И ее захлестнула неожиданная, острая, бабья, до слез, жалость к нему, единственному, по-настоящему единственно надежному человеку. Сколько он ждал, как ей верил — даже когда она опять и опять уходила к тому, «законному». Жалко его, и себя жалко, и Еву — Еве-то еще трудно, ой как трудно придется, ведь ей еще все предстоит. Не так-то просто забыть отца, даже такого, как ее отец...
Татьяна чуть не заплакала — ей очень хотелось заплакать, потому что то была хорошая жалость, чистая и светлая, не обидная для человека.
Да, кто бы мог поверить... А он — верил. Она же видела в Симферополе — верит!
В горячем, пыльном, пропитанном абрикосами, растаявшим мороженым и по́том воздухе аэропорта отдаленно слитно ревели моторы, повсюду насморочно вещали громкоговорители, бегали с криками детишки.
— Ну, братец, — сказала Сашкина сестра Тоня и потянулась к нему; звонко чмокнув его в щеку, она громко объявила: — Все! Мы с Володей ждем приглашения на свадьбу. Ты слышишь меня, Сашка? А, Татьяна?

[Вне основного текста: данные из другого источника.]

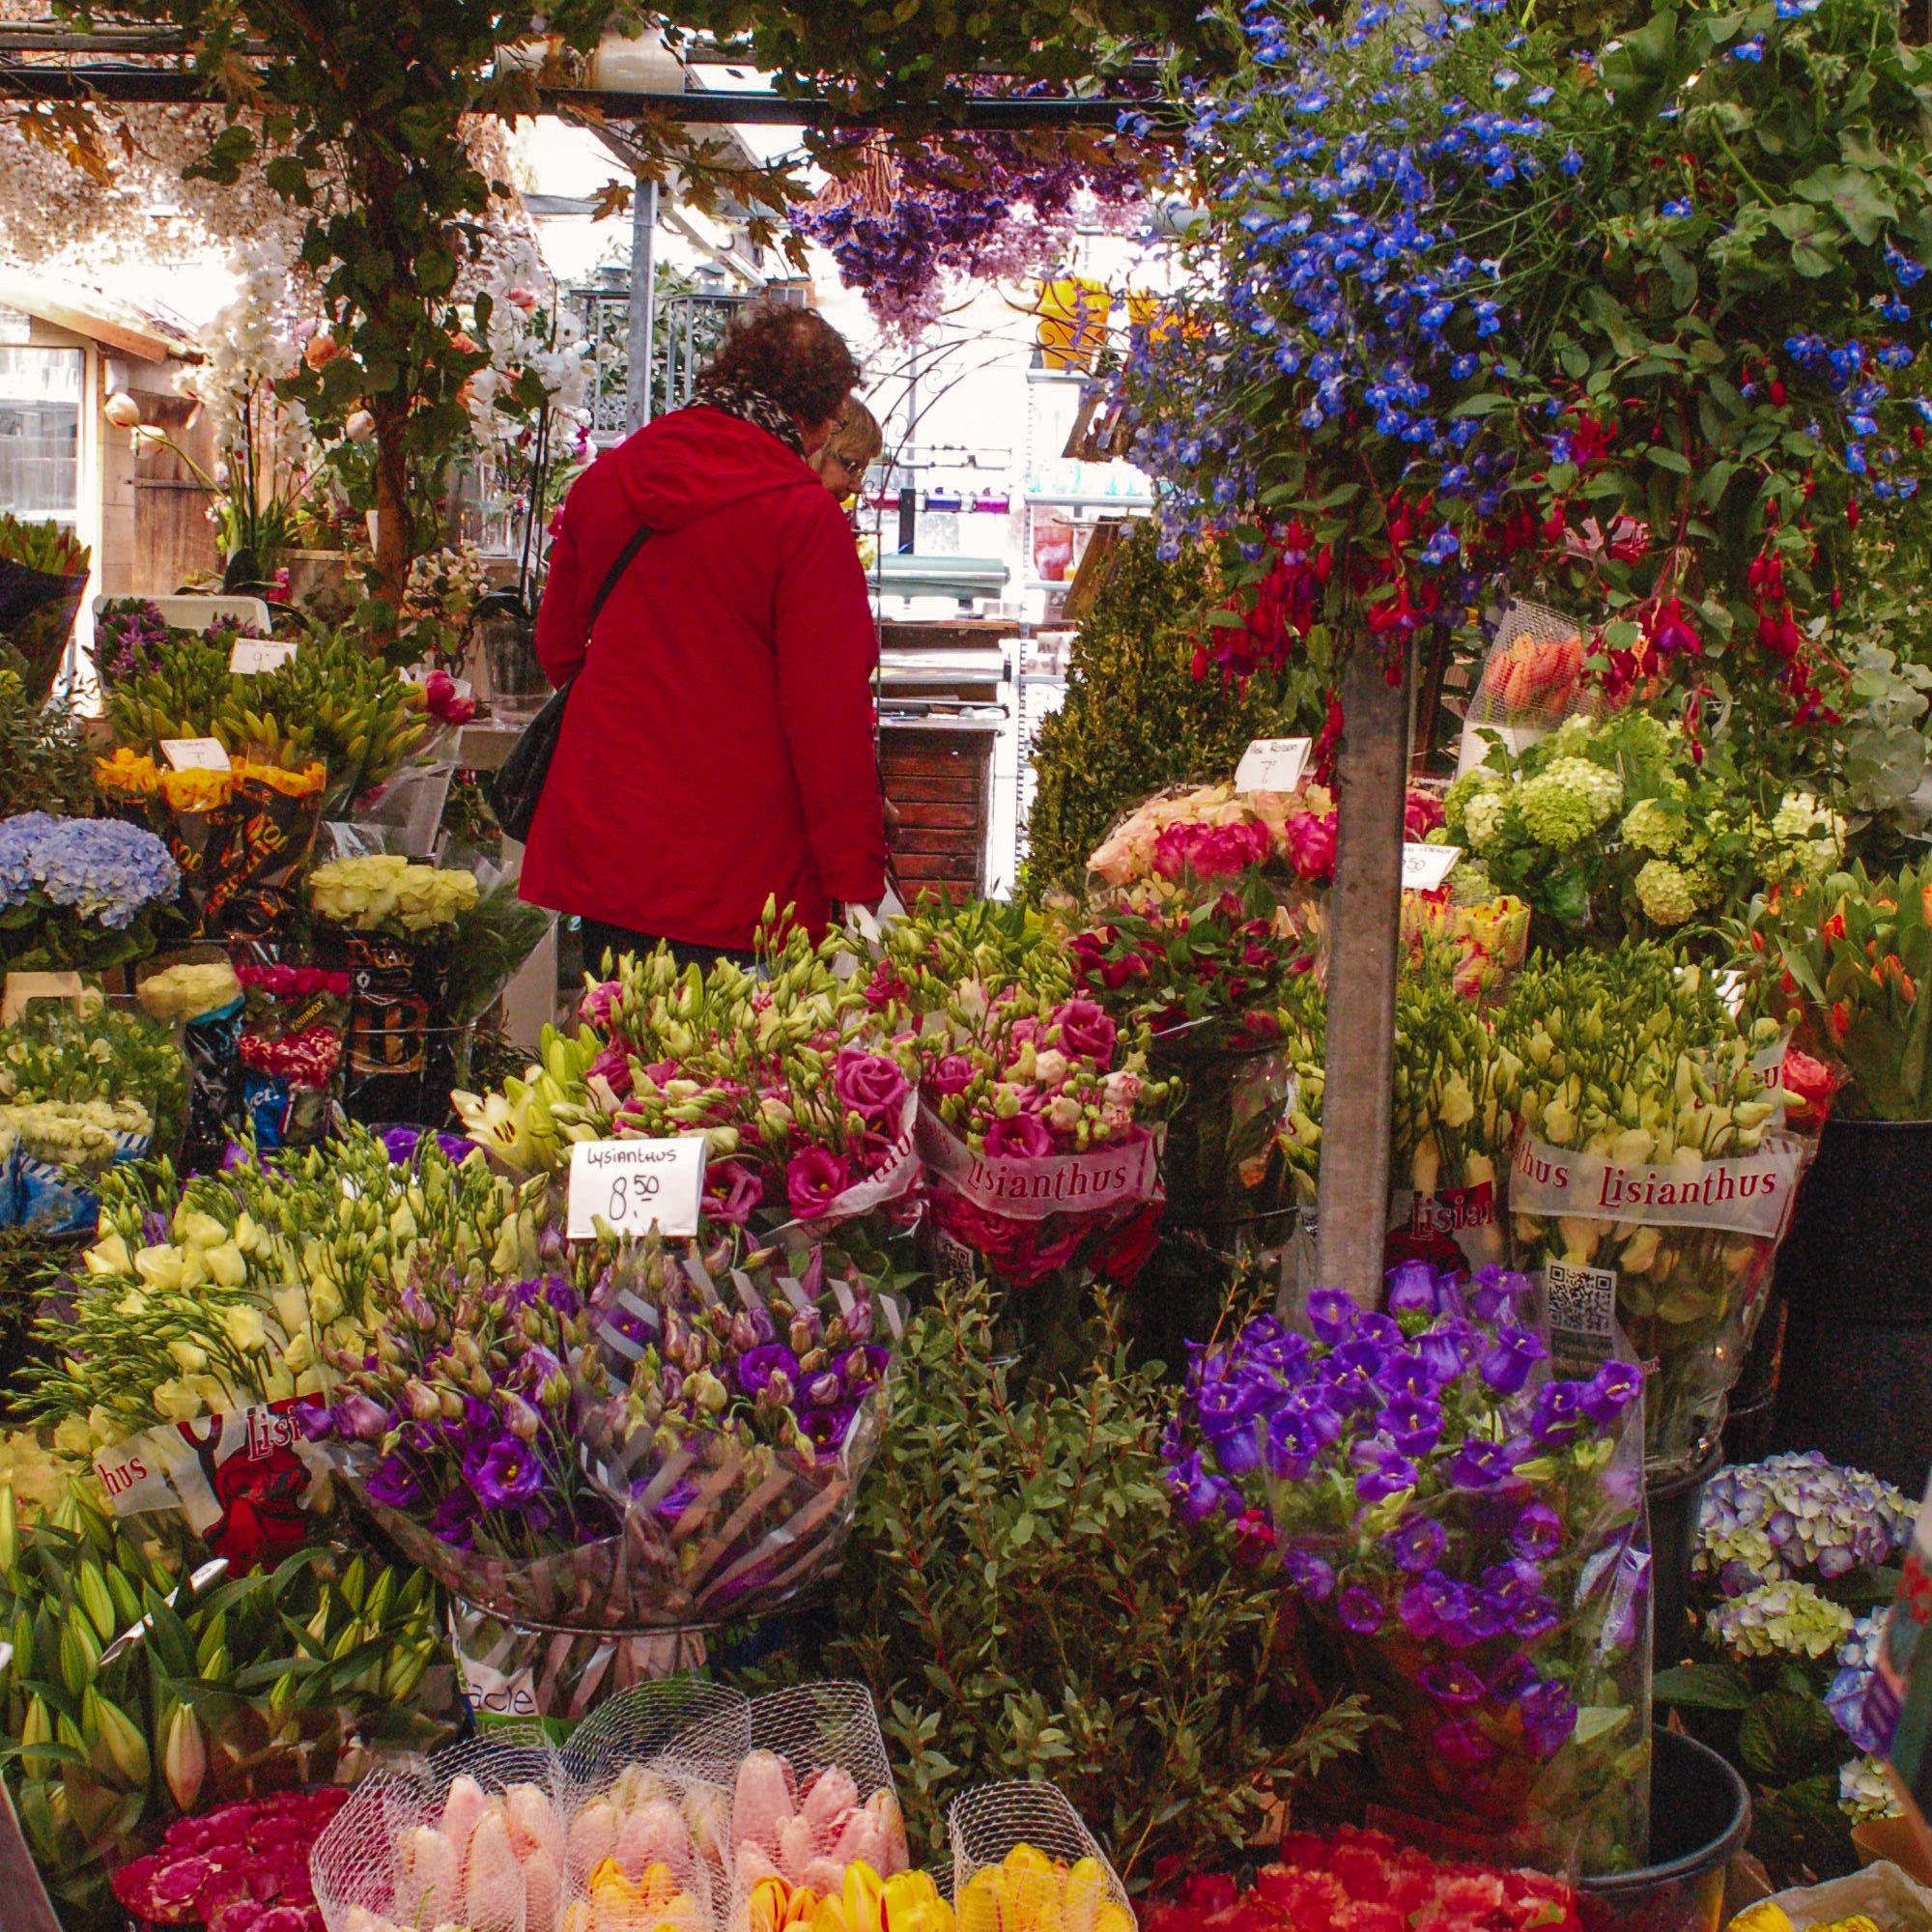 The flower market in Amsterdam
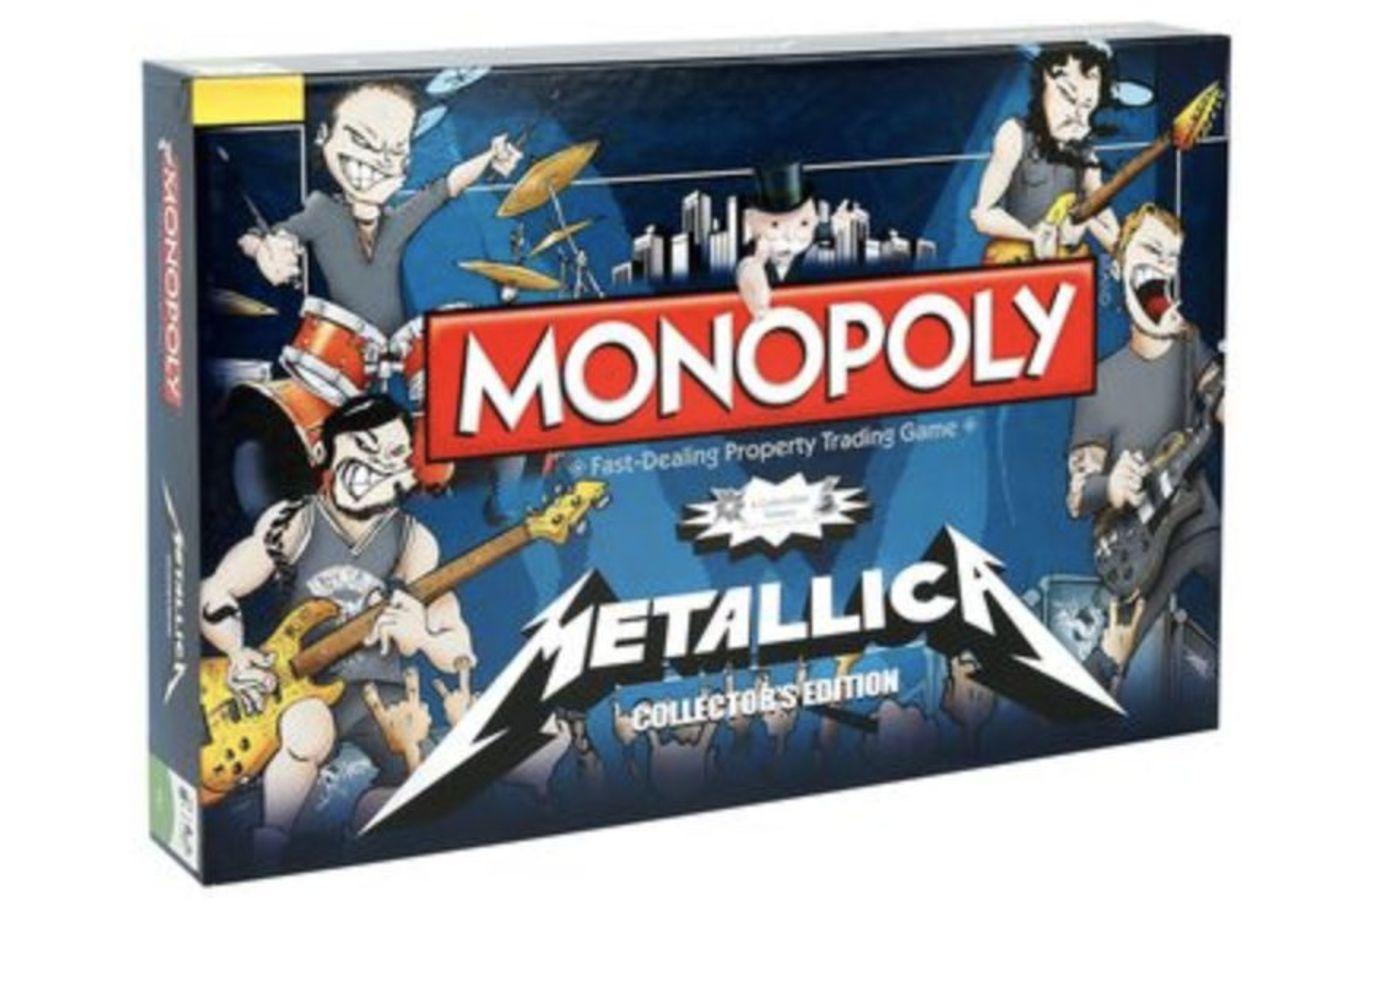 Metallica联名的棋盘游戏

— Тошка! — дернул ее за руку муж — здоровенный детина.
— Тоня, я вижу, вы с братиком сговорились, — невесело улыбнулась Татьяна. Саня помрачнел. — Саша! Ну же, Саня. Ведь прощаемся — так не печалься.
— Вы такая пара, ребятки, — убежденно сказала Тоня. — Да на вас люди оглядываются, ведь на вас глянуть приятно.
— Ладно, Антон, хватит, — почти раздраженно оборвал сестру Кучеров. — Вовик, у нас еще есть пивко?
— А как же! — заорал детина, явно обрадовавшись новой теме, и жестом фокусника выхватил из висящей на плече полотняной сумки золотистую пивную банку. — Пользуем только «фирму» — других не понимаем, верно, Тошка? — Он с треском сорвал крышку, обрызгавшись пеной.
— Вова, ну какой же ты адвокат! — смеялась Татьяна. — Ты сам на бандита похож. Как там — бамбер, бимбер?
— Насмотрелись кино, — с великолепным презрительным снисхождением профессионала сказал Вова-адвокат. Впрочем, по внешности он действительно на адвоката не тянул: огромный, горласто-хулиганистый, в потертых вельветовых брюках и клетчатой выгоревшей рубахе, расстегнутой чуть не до пупа, он походил больше на дешево-киношного стилягу. — Бимбер, бампер, Сингапур... Пей вот лучше! — Он хлопнул крышкой еще одной банки, пробормотав: — Вот черт, жара какая, пиво кипит...
— Спасибо вам, ребятки, — вдруг горько сказала Татьяна, принимая банку. — Никогда у меня такого отпуска не было...
Она смотрела на Саню, и в глазах ее стояли слезы.
— Хорошо, что я улетаю первой, — торопливо, ломающимся голосом сказала она и отхлебнула из банки.
Спеша и давясь, она глотала теплое пиво, словно давя, топя что-то в себе, а Тоня отвернулась, а Володя оглушительно крякнул и полез за новой банкой.
— Девушка! — закричала девица из накопителя. — Вы на этот рейс? Что, из-за вас вылет задержать?
— Да-да-да! — Татьяна сунула Тоне банку, подхватила сумку, чмокнула Тоню в щеку, приподнявшись на цыпочки, поцеловала Володю-адвоката и кинулась ко входу, потом уронила сумку, метнулась назад и, обхватив Саню за шею, целуя его, шептала быстро, взахлеб: — Прости меня, родненький, прости, но я не одна, нельзя мне, я должна, должна, Сашенька, разве ж я знала, кто ты!..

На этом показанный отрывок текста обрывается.